Guidelines to use scanpy layers

Hello everyone,

When using scanpy, I am frequently facing issues about what exact data should I use (raw counts, CPM, log, z-score …) to apply tools / plots function. By default, these functions will apply on adata.X (or on adata.raw if is has been stored beforehand, and we select use_raw=True).

Ideally I would like to have the choice on which exact data I want to apply a function. I am starting to use layers for this purpose but I do not find documentation on how exactly they should be used ?

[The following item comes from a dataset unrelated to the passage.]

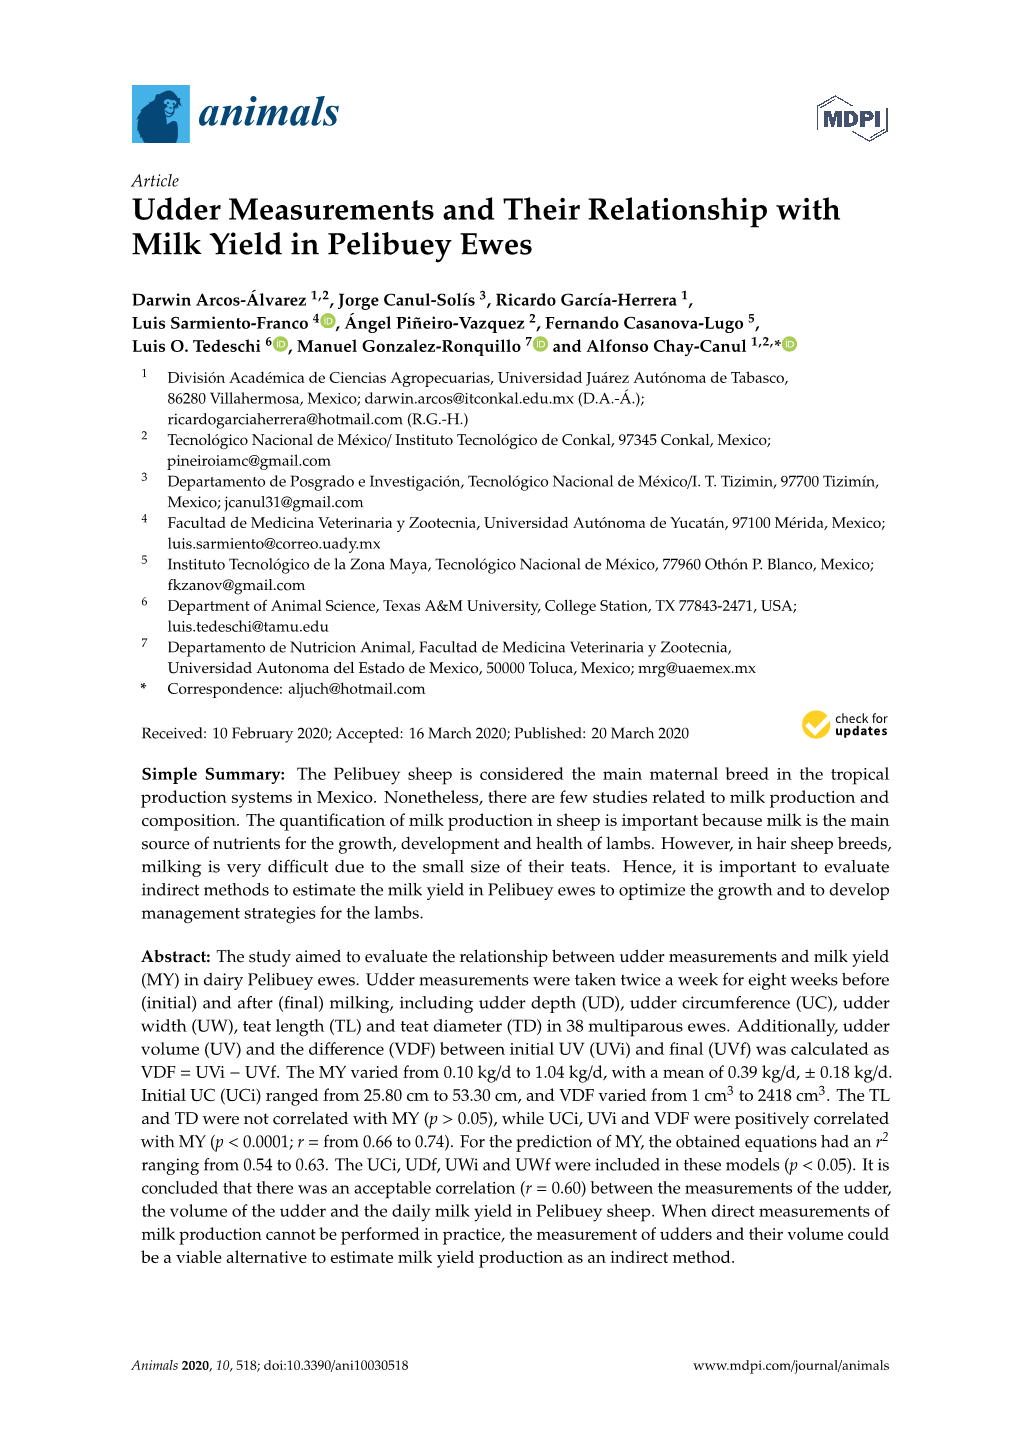 Udder Measurements and Their Relationship with Milk Yield in Pelibuey Ewes

Let’s say I have raw counts stored in adata.X. Does it make sense to store different layers of my data, with different preprocessing strategies ?

# store CPM counts 
xd.layers["CPM"] = xd.X.copy()
sc.pp.normalize_total(xd, target_sum=1e6, layer="CPM")

# store log on CPM counts
xd.layers["log(CPM)"] = xd.layers["CPM"].copy()
sc.pp.log1p(xd, layer="log(CPM)")

Is it the right way to do ? Do you have any other suggestions or guidelines ?

Thanks you very much !

Yes, this makes sense and is the current intended way to do it.

To answer the question “when to use which version of the data”, I’d encourage you to read this paper:

1 Like

Thank you very much @Zethson

Is this really the intended way?

What is in adata.X before running the code below? Is it the raw counts or normalized counts (CPM?)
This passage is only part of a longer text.